Während die Kosten der Verpackungsentsorgung in den vergangenen Jahren deutlich gesunken sind, entwickeln sich die Kosten für die Hausmüllentsorgung vielerorts in die gegenläufige Richtung, sagt der Systembetreiber. Dies sei auch auf die mangelnde Wettbewerbssituation bei der kommunalen Abfallentsorgung zurückzuführen. „Anreize für Kostensenkung bestehen hier nicht.“

Keine Vereinfachung von Vollzug und Kontrolle

Aus Sicht von DSD bleibt völlig unklar, wie Kommunen die Nachweispflicht über gesetzliche Sortieranforderungen und Verwertungsquoten erbringen sollen. Aktuell legen die zehn dualen Systeme allen Ländern eine lückenlose, nach einheitlichen Standards erarbeitete Dokumentation über alle Prozessstufen aller Verpackungsmengen vor, so der Systembetreiber. Mit etwa 850 öffentlich-rechtlichen Entsorgungsträgern in der Verantwortung würde diese Nachweisführung deutlich verkompliziert. Auch Vollzug und Kontrolle würden keinesfalls vereinfacht, wie in den Eckpunkten gefordert – zumal Kommunen im Vergleich zu privatwirtschaftlichen Akteuren praktisch nicht sanktionierbar sind.
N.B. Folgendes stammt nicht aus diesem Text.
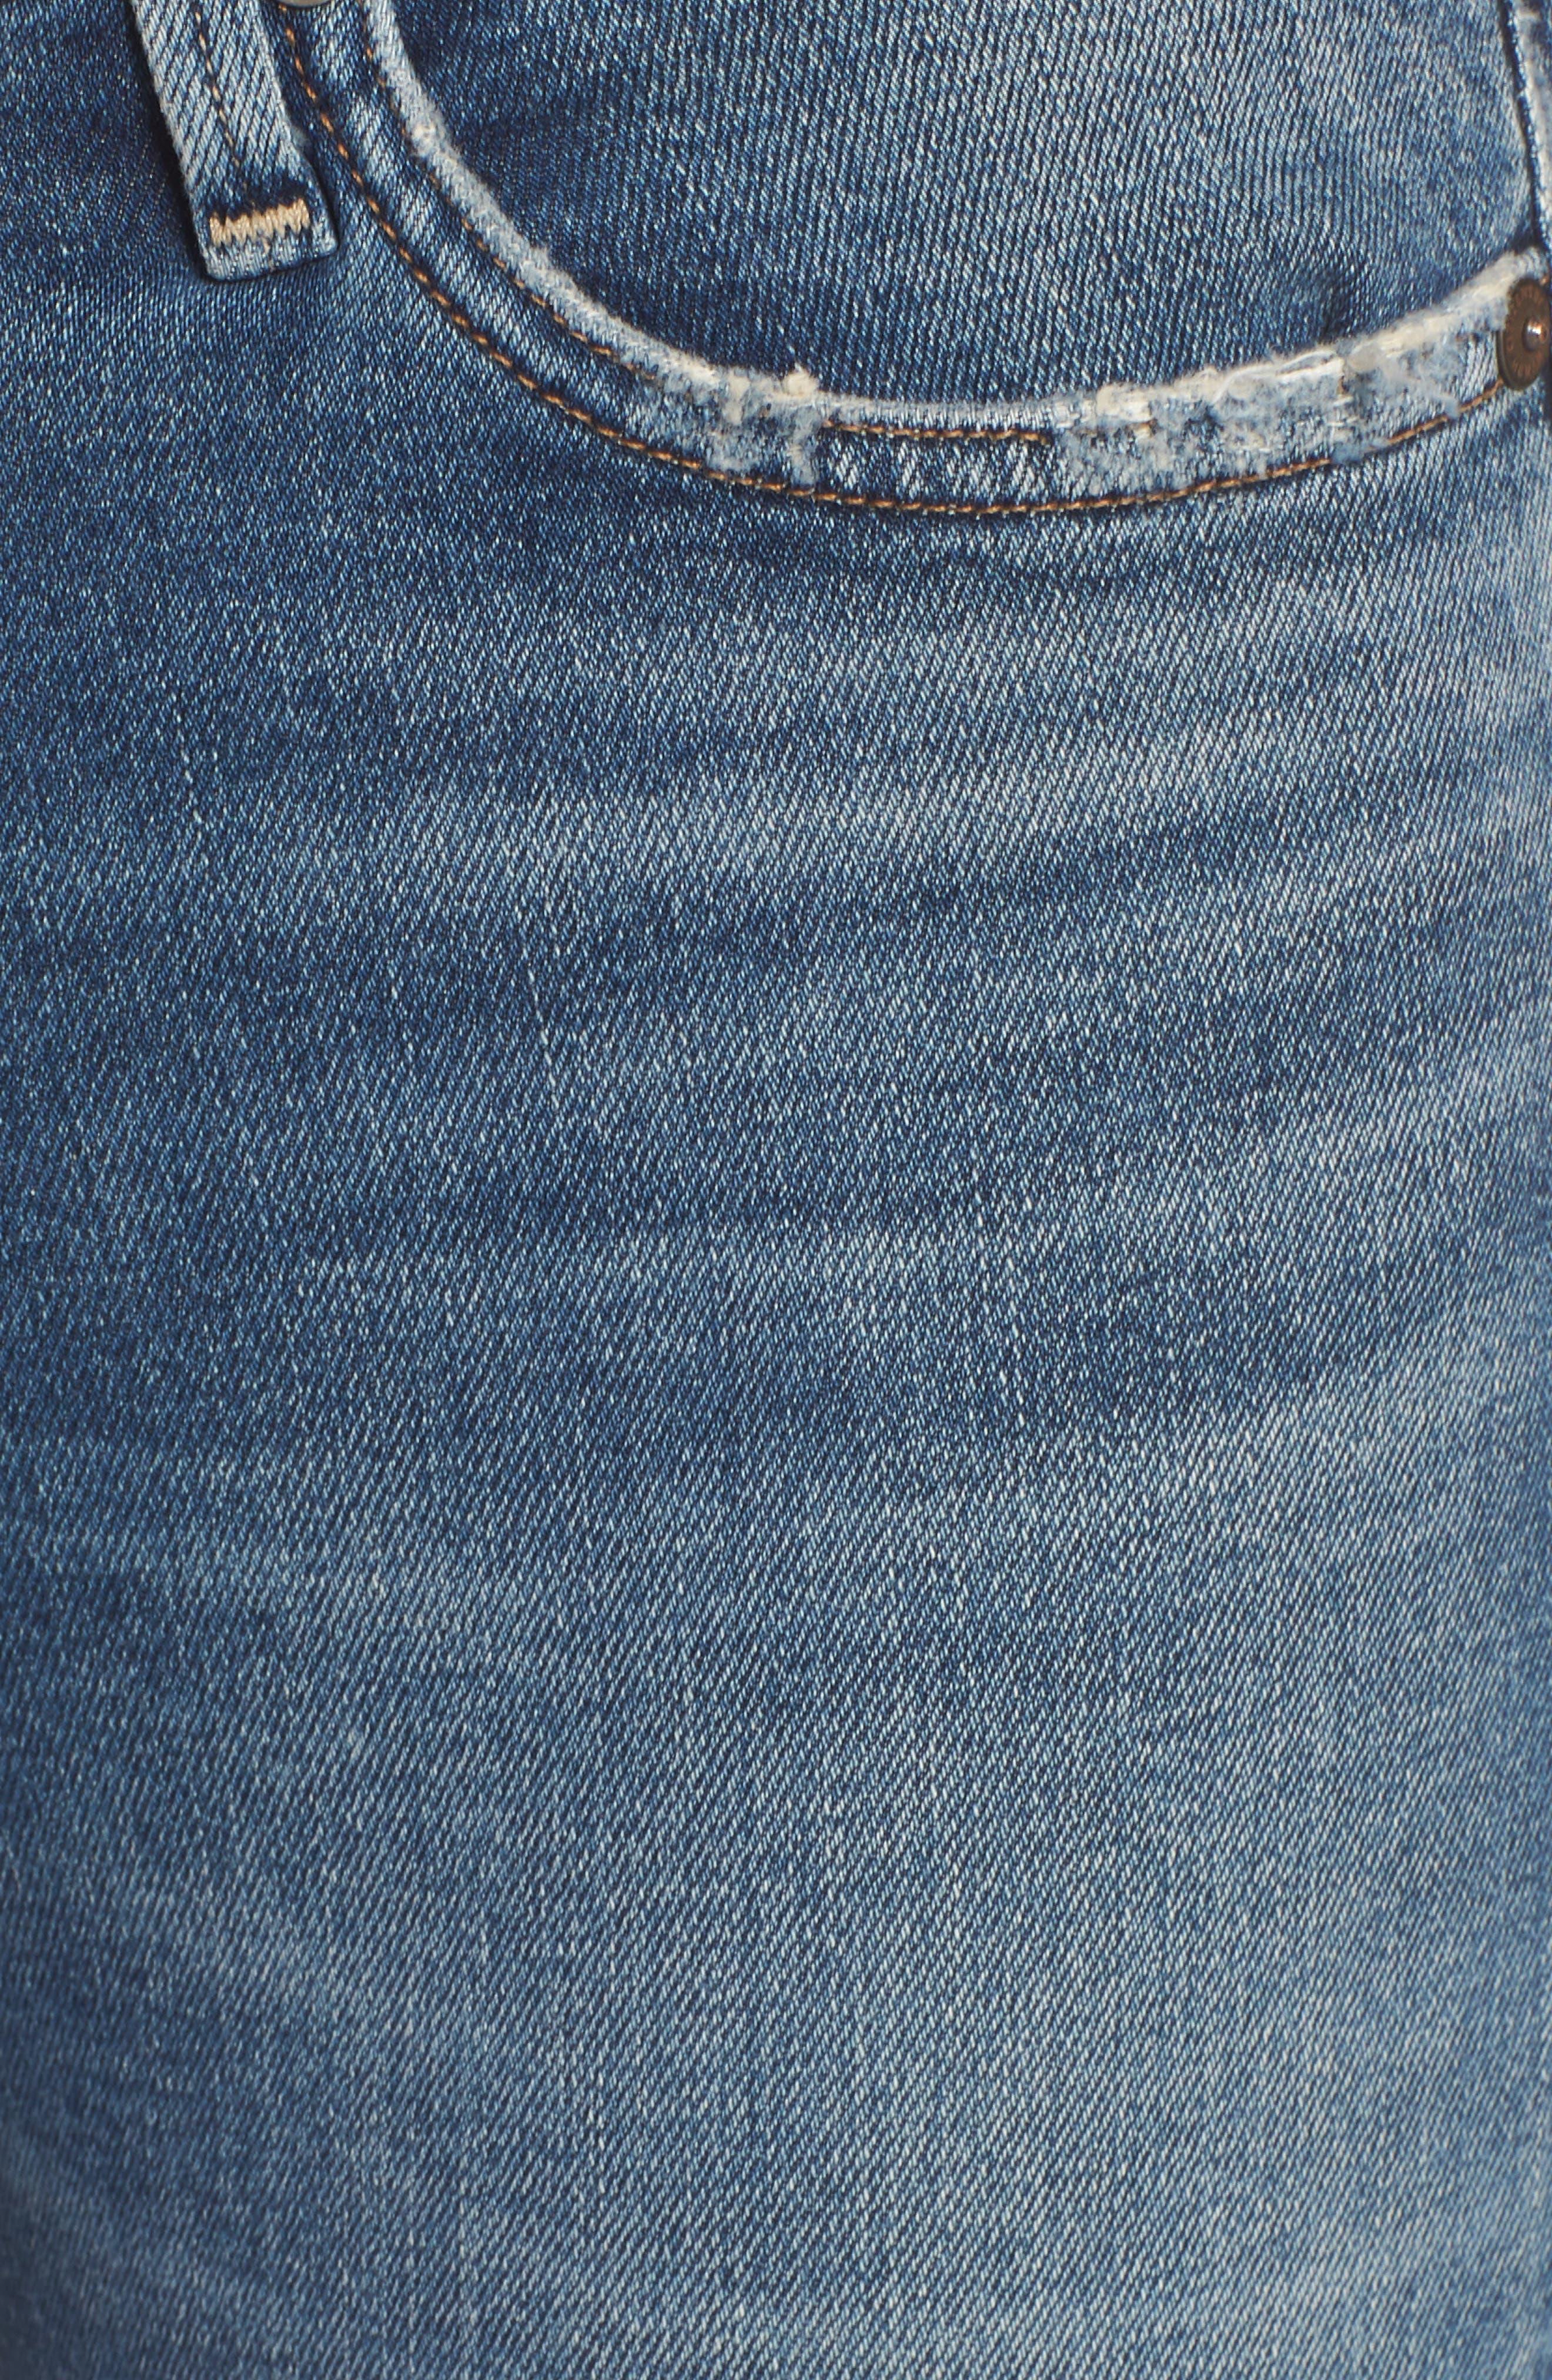 Rocket High Waist Crop Skinny Jeans,                             Alternate thumbnail 6, color,                             427

Kommunen wären überfordert

Eine komplett kommunale Organisationsverantwortung würde den Großteil der Kommunen überfordern, ist DSD überzeugt. Vielerorts müssten entsprechende Strukturen kostenintensiv erst geschaffen oder Prozesse organisiert werden. Kommunen ohne eigenen Abfallwirtschaftsbetrieb etwa müssten die Entsorgungsleistungen ausschreiben und die Aufgabenerfüllung durch die Dienstleister stetig nachhalten. Um „echte Stoffkreisläufe“ zu schaffen, wie in den Eckpunkten vorgesehen, müssten die 850 öffentlich-rechtlichen Entsorgungsträger zudem mit den einzelnen Herstellern das (recyclingfreundliche) Design von Verpackungen und anderen Produkten diskutieren. Viele kommunale Akteure hätten sich vor diesem Hintergrund bereits gegen eine Übertragung der Bereiche Sortierung und Verwertung ausgesprochen.